Chris Skelly is a member of the facilitation team at this year’s SOIF Retreat, when policy-makers and practitioners come together to learn with us about how to use futures to improve outcomes. It’s held at Hartwell House, in the south of England. He meant to post daily, but the facilitator’s role is a demanding one. Here are his thoughts on Days 2 and 3.

Chris Skelly writes: Days 2 and 3 were long, hard days. I am finishing this blog on the morning of day 4.

Last night we had drinks in the library after the formal sessions finished listening to some words of wisdom from the former EU President José Manuel Barroso, followed by a fantastic dinner, music, and conversation… where does one find the time to write?

José Manuel Barroso reflects on politics, foresight and Weber in the library of Hartwell House

Too Long; Didn’t Read (TL;DR)

We covered the fundamental steps in developing a futures project involving horizon scanning, trend analysis, project scoping, identifying, ordering or framing the key drivers of change that are used to build a picture of possible futures through scenario development.

Not rocket science, but something you can only learn-by-doing. We’ve now all got a basic framework that we can use to learn about the future. There was a lot covered over the past two days, and more potential readings than I can handle this year.

It is starting to come together.

What we learned

Thinking like a futurist

Complexity is the primary intellectual challenge for everyone. Experts and leaders too. It is making the achievement of “long-term goals in a shifting pluralistic, ambitious and novel world” increasingly more challenging. My group at Public Health Dorset has invested significant resource in developing our Systems Thinking capability and this is definitely a required capability in foresighting (or strategic insights) work.

Where experts feel safe: The familiar, predictable, and known.

Where leaders add value: The unfamiliar, uncertain, unknown.

Quantitative modelling can be used to create ‘baseline projections’ that can feed into a foresighting exercise called ‘trend impact analysis’.

Forecast failures are common: OECD GDP one-year forecast 2008 to 2009 was wrong; oil price 3-monthly forecasts have been wrong in a number of situations of a falling price phases, because of the repeated use of models underpinned by the same ‘mental model’ — it is often difficult to change those mental models, so you tend to repeat your failures multiple times before you are forced to act. Solar energy production has been forecast many times, by many organisations and individuals — the range of predictions is huge. So what underlies these quantitative predictions must be examined.

Do not use quantitative models blindly.

Successful leadership and decision-making is required to shape the future. You want to shape the future, because this is the best way of getting to your desirable future, i.e. achieving your strategic vision.

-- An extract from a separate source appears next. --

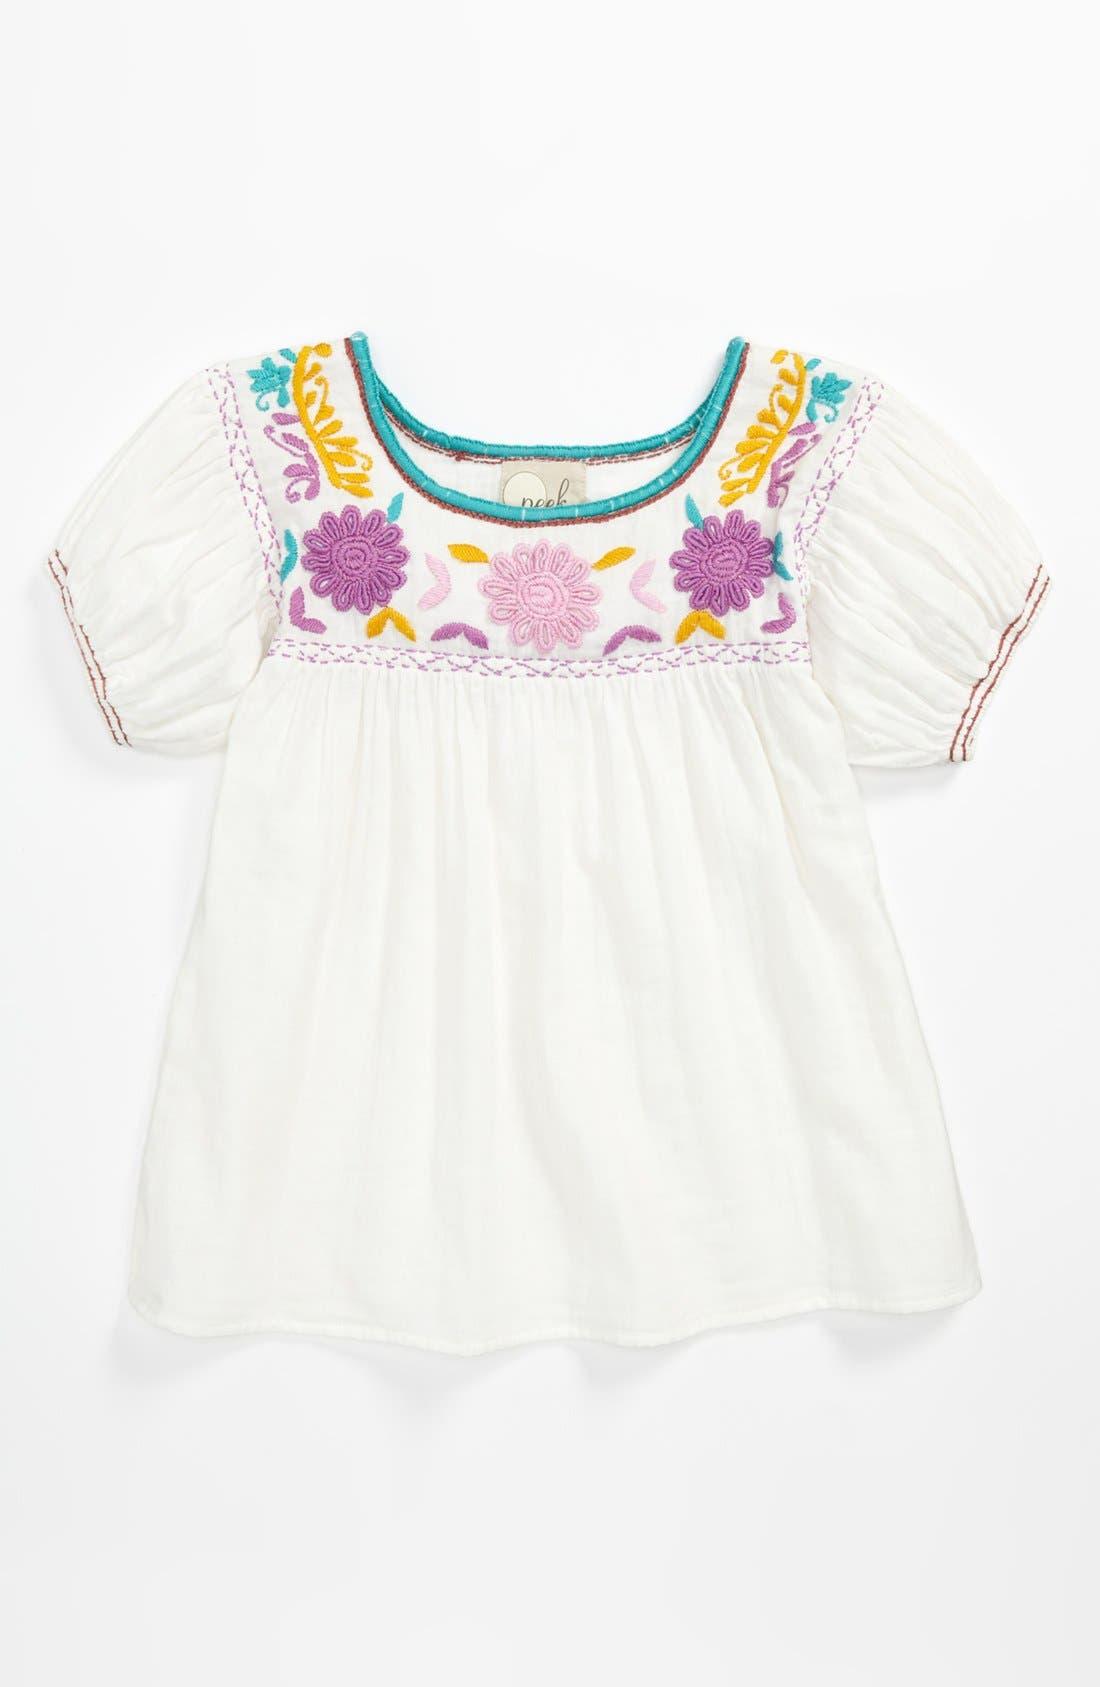 Main Image - Peek 'Ashley' Top (Toddler, Little Girls & Big Girls)
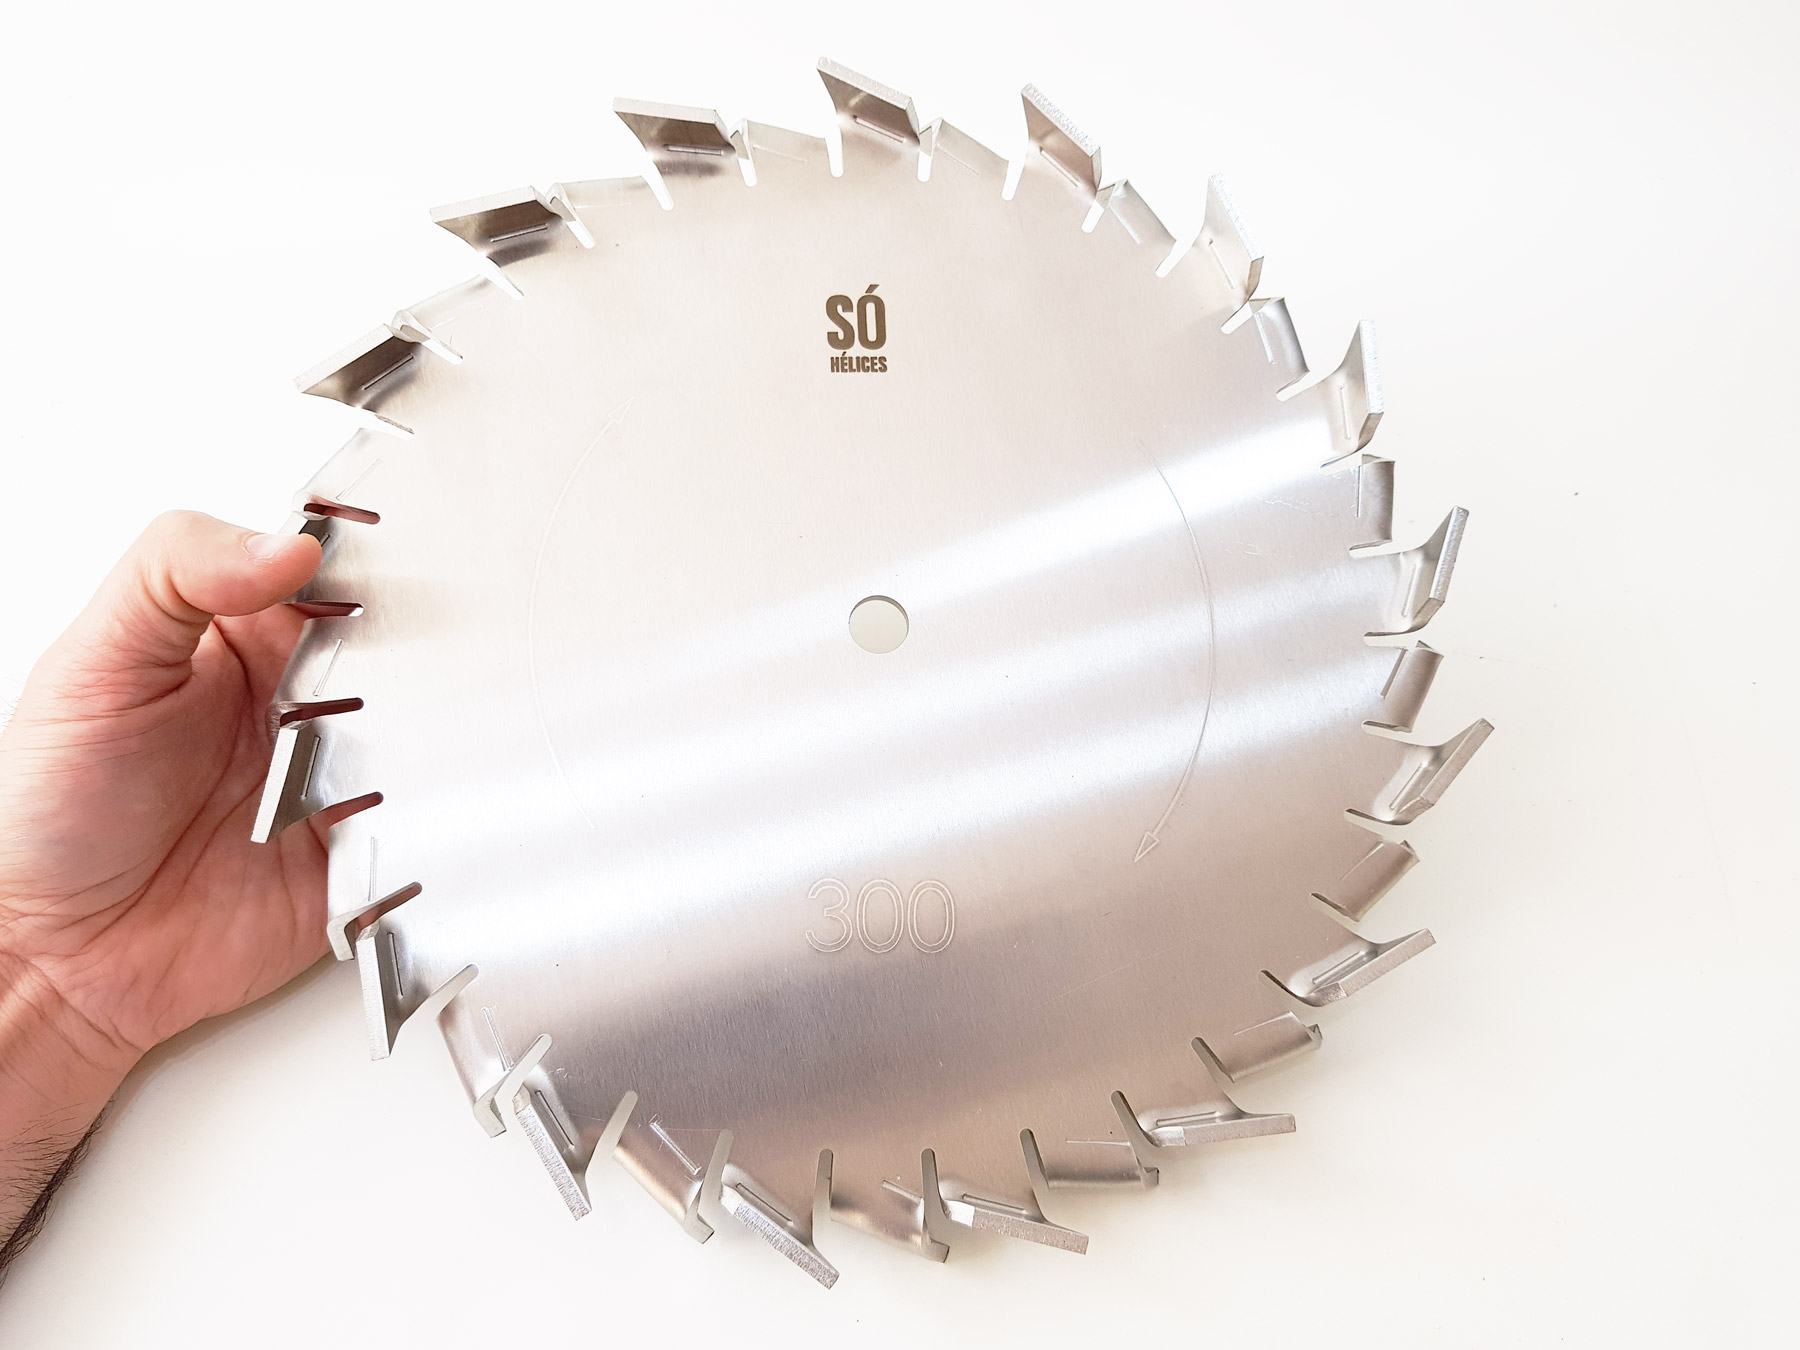 Disco dispersor com tecnologia híbrida para misturar

This requires us to combine creative and analytical thinking.

It is not easy or natural for most of us.

A good way of thinking about foresight is that it is composed of 3 components:

  1. Trends — long rolling processes (think big waves as you swim to shore), ageing population, environmental degradation, climate heating, ageing infrastructure…
  2. Events/ideas ‘coming at us’ — cyber systems, big data, CRISPR technologies…
  3. Decisions we make — this defines our ‘degree of agency’, it is worth thinking explicitly about this (I never have).

Foresight tools

  • essential for strategic insights
  • providing space for discourse
  • bringing attention to ideas, trends, developments that are not in daily sight
  • However — this is mostly about a process, a journey, that you take clients from the ‘familiar’ to the ‘unfamiliar’ — moving them and you from comfortable zones of discussion to areas of discomfort.
Source: Kristel Van der Elst. Image: Chris Skelly.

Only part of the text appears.